Rinke Hoekstra presented an Introduction Linked Data: What is it, how does it compare to other technologies and what is its potential for CLARIAH. [Slides]
In the discussion that followed, some concerns about the potential for Linked Data to deal with data provenance and data quality were discussed.
After this, three humanities researchers from each of the work packages discussed experiences, opportunities, and challenges around Linked Data. Our “Linked Data Champions” of this day were:

  • WP3: Piek Vossen (Vrije Universiteit Amsterdam) [Slides]
  • WP4: Richard Zijdeman (International Institute of Social History)
  • WP5: Kaspar Beelen and Liliana Melgar (University of Amsterdam) [Slides]

Marieke van Erp, Rinke Hoekstra and Victor de Boer then discussed how Linked Data is currently being produced in the different work packages and showed an example of how these could be integrated (see image). [Slides]. If you want to try these out yourself, here are some example SPARQL queries to play with.hisco integrated data example

Break out sessions
Finally, in the break out sessions, the implications and challenges for the individual work packages were further discussed.

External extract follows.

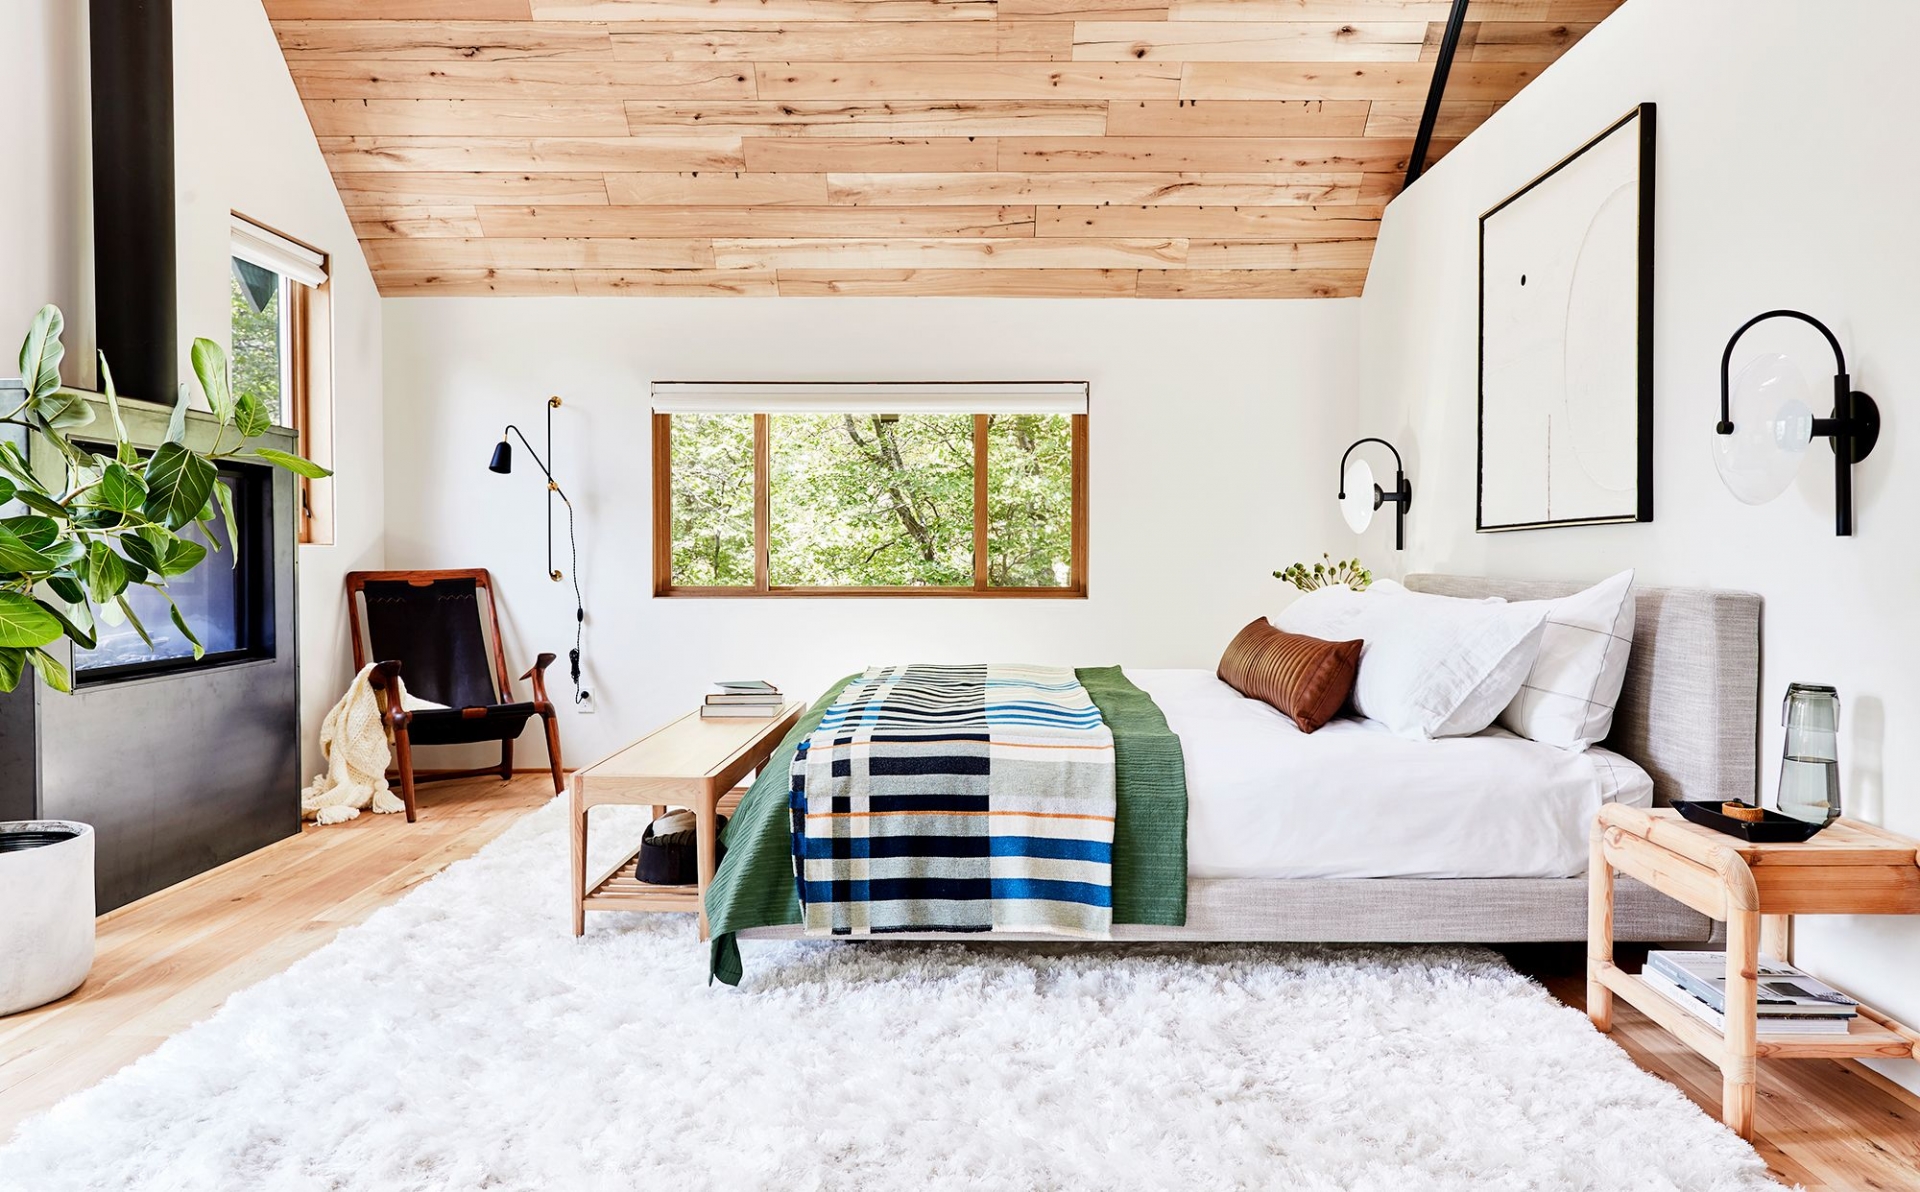 Các nhà tâm lý học tin rằng, trang trí nội thất bằng vật liệu gỗ tự nhiên có khả năng điều chỉnh tâm trạng tích cực, thúc đẩy giấc ngủ ngon.
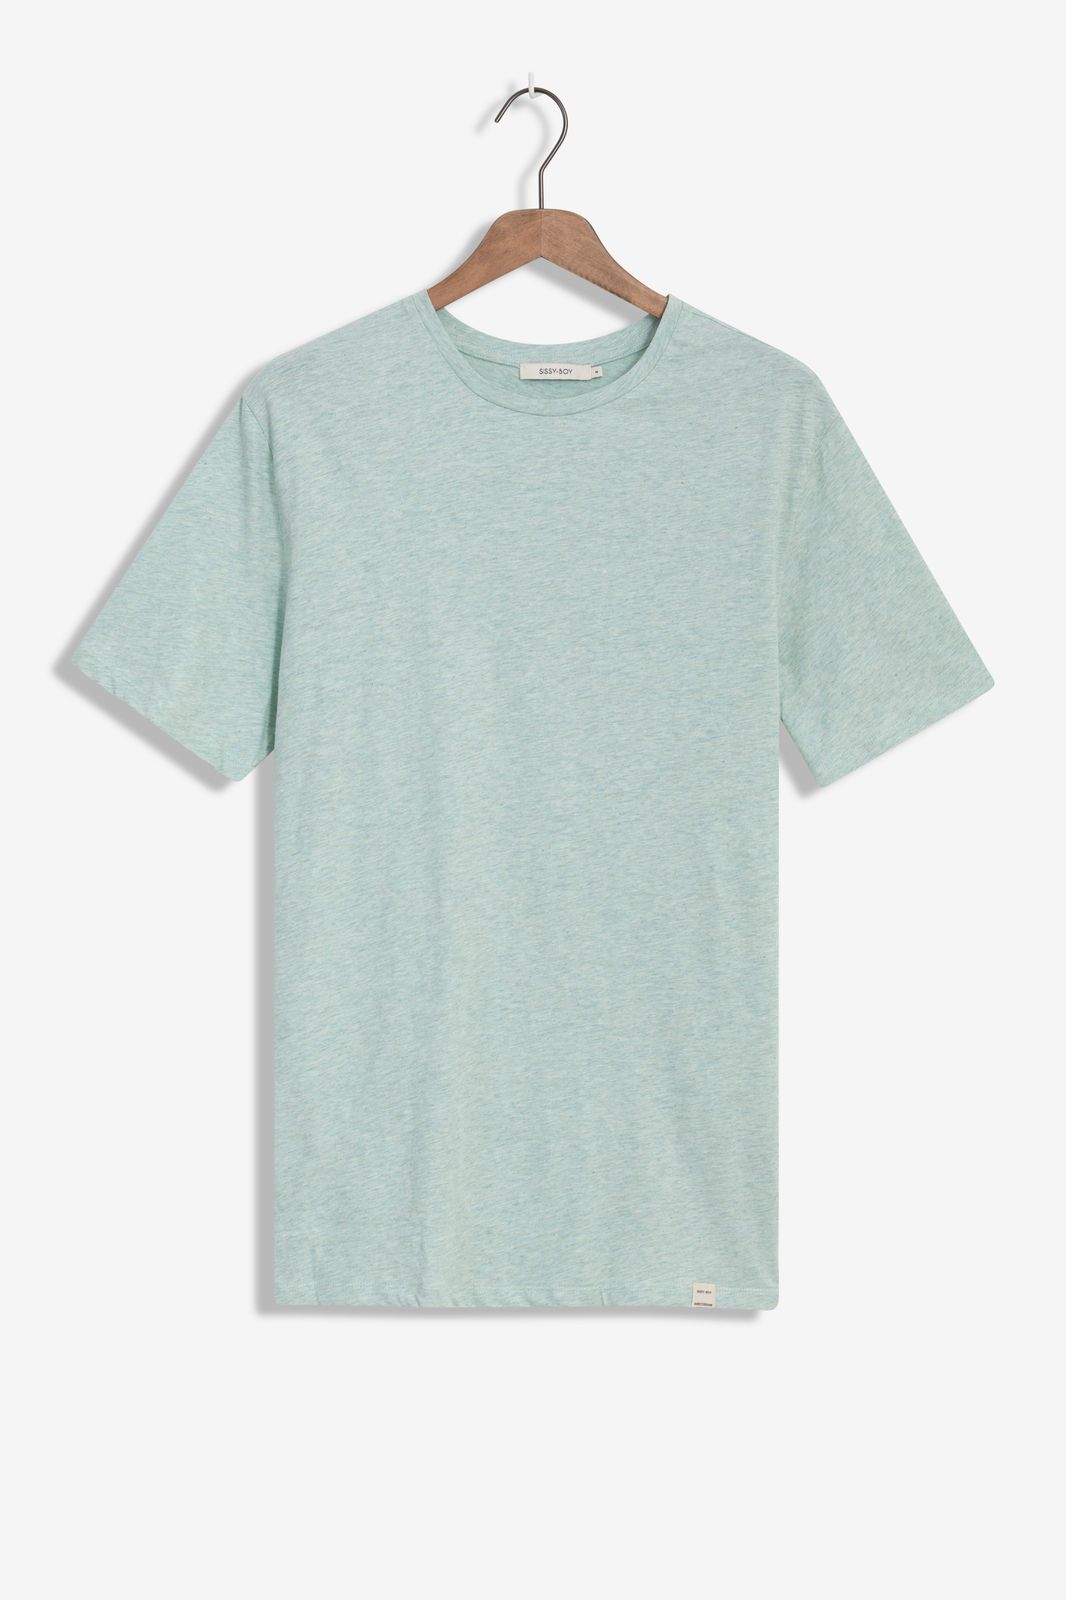 Meliertes Baumwoll-Shirt - hellgrün

  • For WP3, the discussion focused on formats. There are manynatural language annotation formats used, some with a long history, and these formats are often very closely connected to text analysis software. One of the reasons it may not be useful to WP3 to convert all tools and data to RDF is that performance cannot be guaranteed, and in some cases has already been proven to not be preserved when doing certain text analysis tasks in RDF. However, converting certain annotations, i.e. end results of processing to RDF could be useful here. We further talked about different types of use cases for WP3 that include LOD.
  • The WP4 break-out session consisted of about a dozen researchers, representing all working packages. The focus of the talk was on the expectations of the tools and data that were demonstrated throughout the day. Various persons were interested to apply QBer, the tool that allows one to turn csv files into Linked Data. The really exciting bit about this, is that the interest was shared by persons outside WP4, thus from persons usually working with text or audio-video sources. This does not just signal the interest in interdisciplinary research, but also the interest for research based on various data types. A second issue discussed was the need for vocabularies ((hierarchical) lists of standard terms). For various research fields such vocabularies do not yet exist. While some vocabularies can be derived relatively easily from existing standards that experts use, it will prove more difficult for a large range of variables. The final issue discussed was the quality of datasets. Should tools be able to handle ‘messy’ data? The audience agreed that data cleaning is the responsibility of the researcher, but that tools should be accompanied by guidelines on the expected format of the datafile.
  • In the WP5 discussion, issues around data privacy and copyrights were discussed as well as how memory institutions and individual researchers can be persuaded to make their data available as LOD (see image).

wp5 result

The day ended with some final considerations and some well-deserved drinks.